Thailand is one country where there is cause for optimism, believes Anjana Suvarnanon, the co-founder of Anjaree Group, the country’s largest gay and lesbian rights organisation.

“Thai people can be categorised into three groups: the first is those who uphold their old values and remain conservative on the issues; the second is those who are willing to change with time and follow the world trend; the third is those who hope to accommodate everyone equally,” she said. “I would say the last two groups are the majority in society.”

Thailand is well known for gay tourism; the Tourism Authority of Thailand even has an official “Go Thai Be Free” website. Transgender people and ladyboys are familiar sights. However, beyond the world of entertainment, traditional prejudices persist, especially in rural areas. A government survey conducted nationwide in 2012 showed 60% of respondents opposed same-sex marriage.

However, Thailand moved to the forefront with a same-sex-partnership draft law introduced in parliament in 2013. The bill was placed on the back burner after the 2014 military coup, but Prempreeda Pramoj Na Ayutthaya, the HIV and Aids national programme officer of Unesco Bangkok, believes change is just a matter of time.

“It could take a long time and it is a long process due to the political situation,” he said. “We are trying to push forward the process. My expectation is that within 10 years, hopefully both homosexual and transgender people’s rights can be guaranteed.”

Apart from Thailand, Taiwan is also one of the most liberal jurisdictions in Asia.
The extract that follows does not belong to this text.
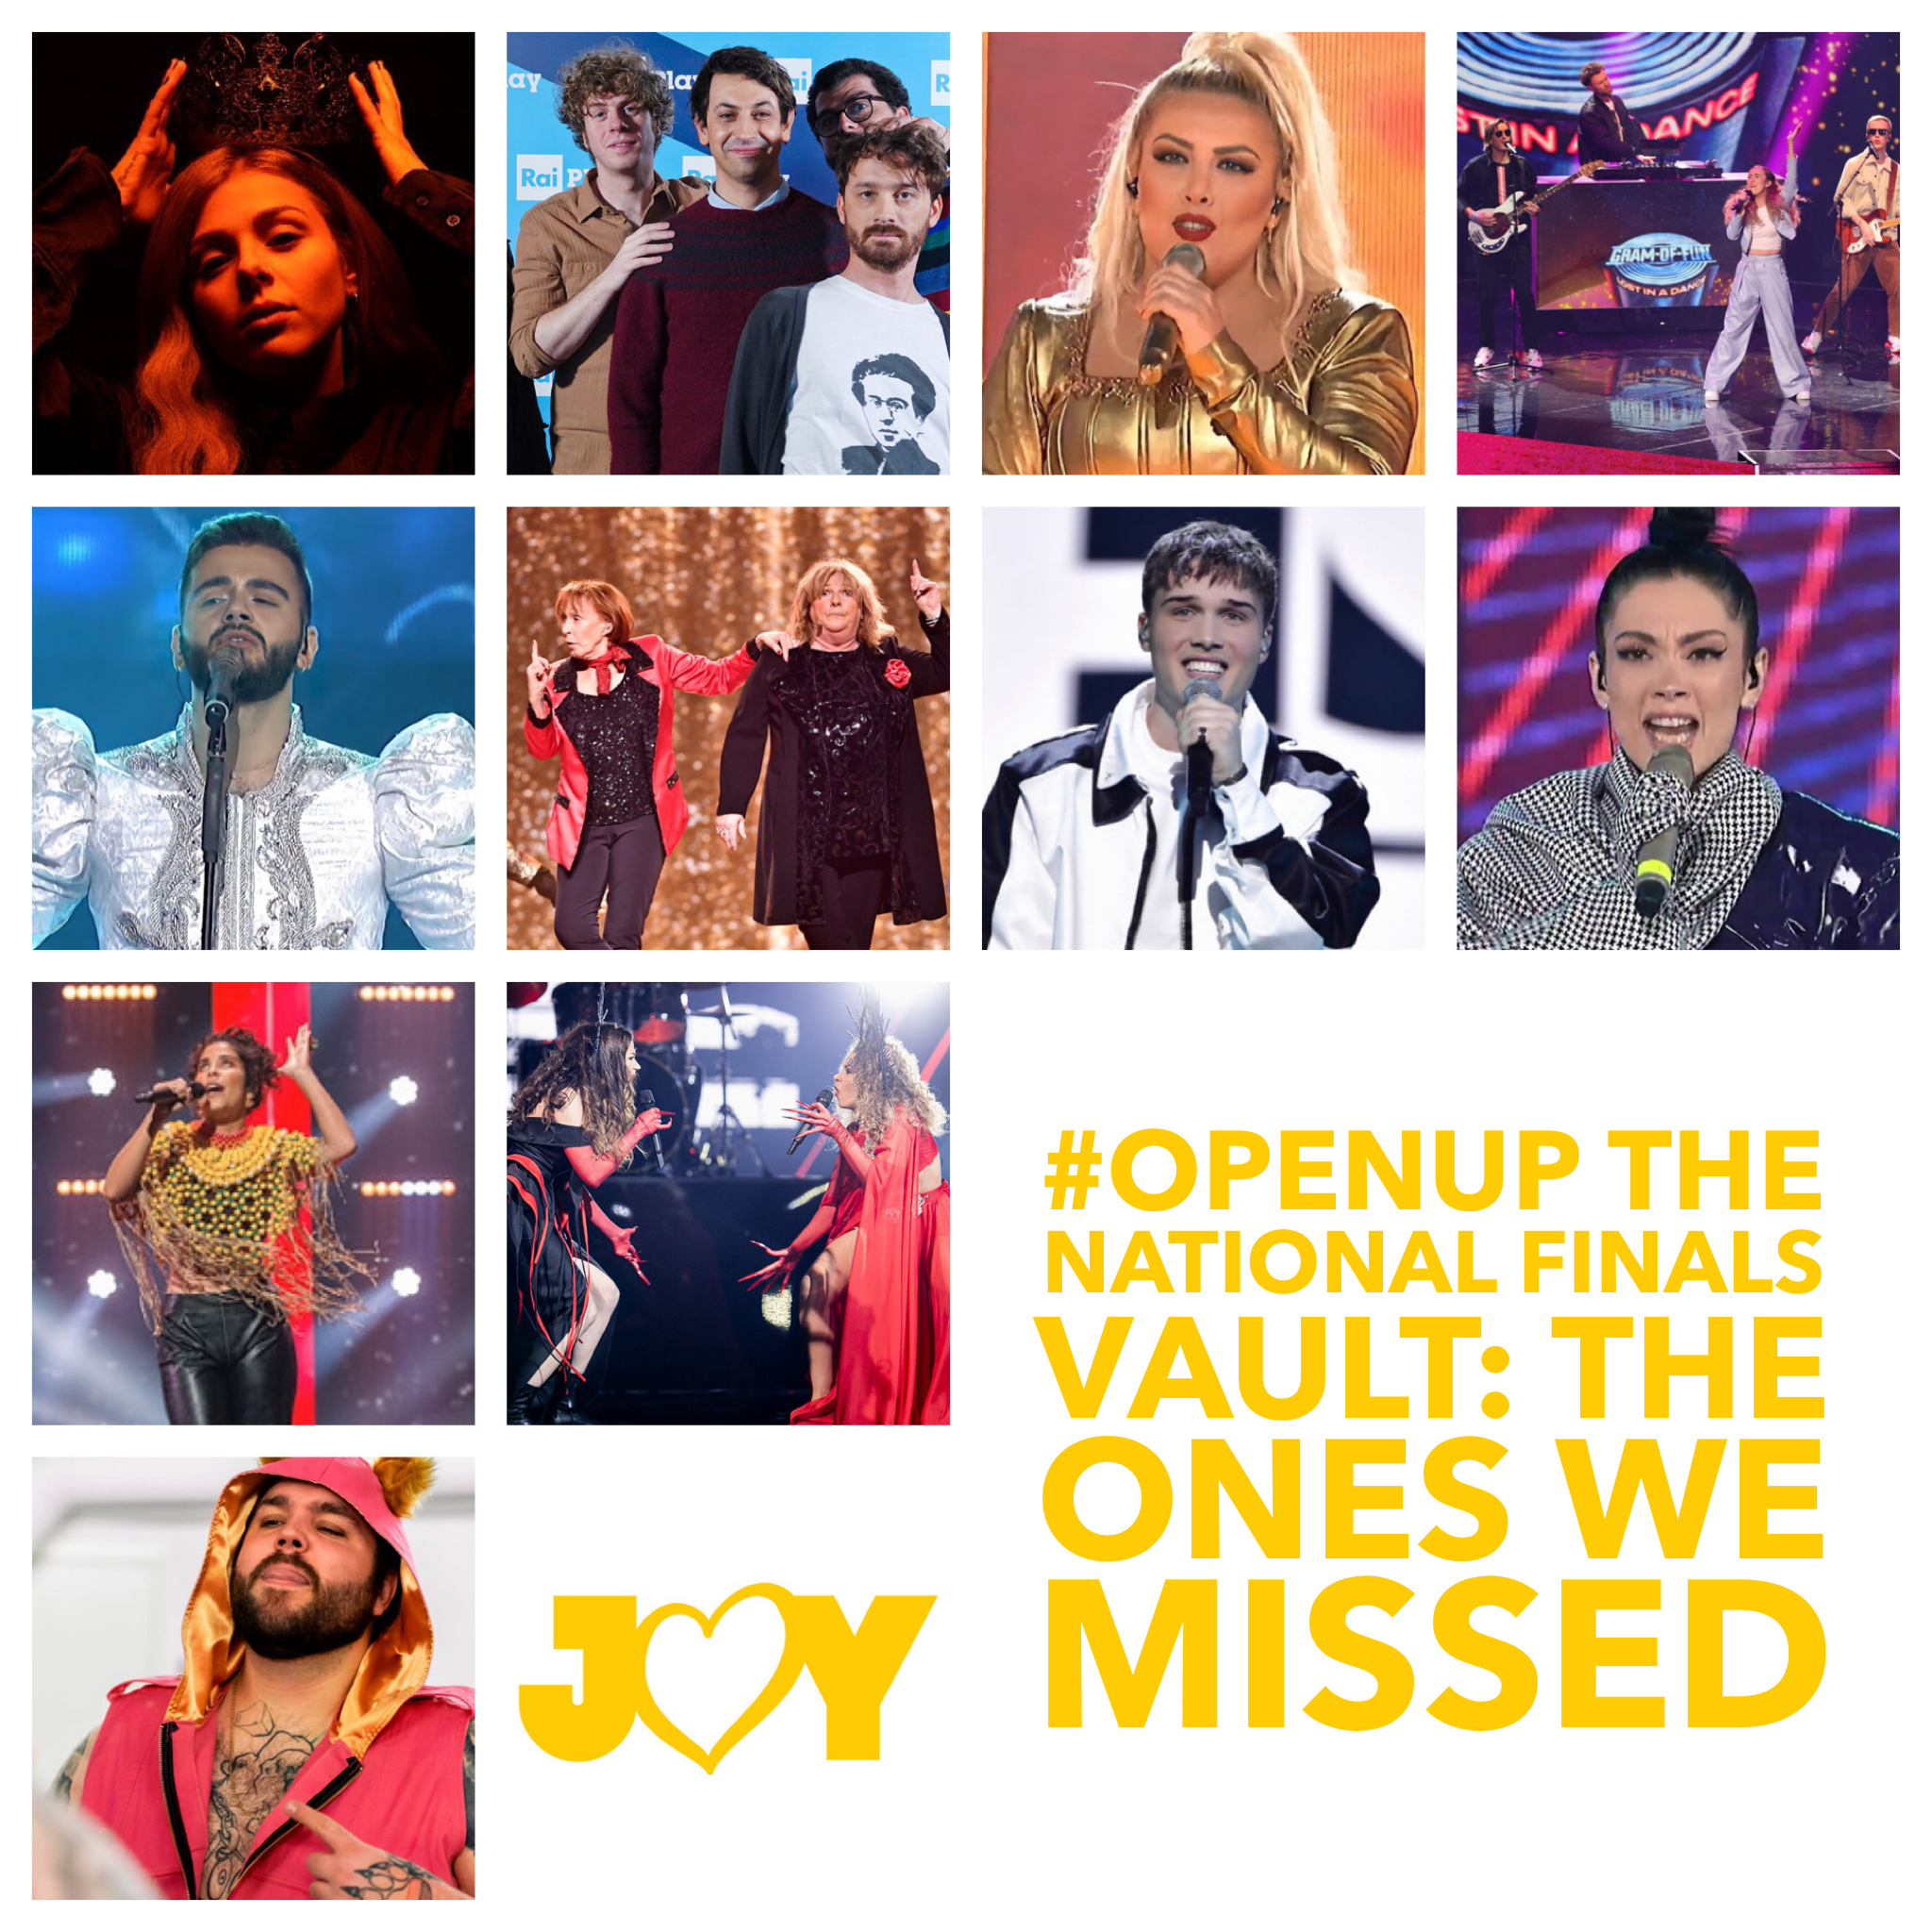 #OpenUp the 2021 Eurovision National Finals Vault: The ones we missed

Major cities allow same-sex marriages to be registered, though they do not yet have full legal status.

A survey conducted in 2013 in Taiwan showed 52.5% of respondents — close to the 55% seen in similar US surveys — supported same-sex marriage while 16.9% had no opinion, indicating a high acceptance.

However, a bill that would legalise same-sex marriage in Taiwan remains stalled.

“We started drafting the same-sex marriage bill in 2012 and successfully brought it up in parliament in 2013,” Jian Zhi Jie, the secretary-general of the Taiwan Alliance to Promote Civil Partnership Rights, told Asia Focus. “After three weeks, the bill passed the first reading while discussion started one month later. However, it was stuck in the process of committing and has been suspended up until now.”

The Democratic Progressive Party proposed the bill but has not actively campaigned for it, though some individual members have expressed public support, while the Chinese Nationalist Party opposes the bill. Until the Democratic Progressive Party clarifies its position, the law may remain stalled.

“The US ruling on same-sex marriage has already raised the attention of society to the issue,” said Jian. “Now, it is our last chance to urge the committee to bring up the discussion and deliberation again before the election next year. Otherwise, we would have to start the whole process again in 2016.”

While Asian governments tend to be conservative and slow to act, momentum from citizens can be a catalyst for change, as Thailand and Taiwan are showing. Nepal offers another good example.

In 2006, when Nepalese citizens took to the streets to demand full democracy and an end to monarchy, LGBT rights activists seized the moment. The Blue Diamond Society, the first LGBT organisation in Nepal, successfully convinced political parties to include LGBT issues in party manifestos.

Their advocacy has led to gains in legal and constitutional recognition, and in 2007 the Supreme Court ruled that laws must be created to protect LGBT rights. Homosexuality was legalised and the government is now looking into same-sex marriage.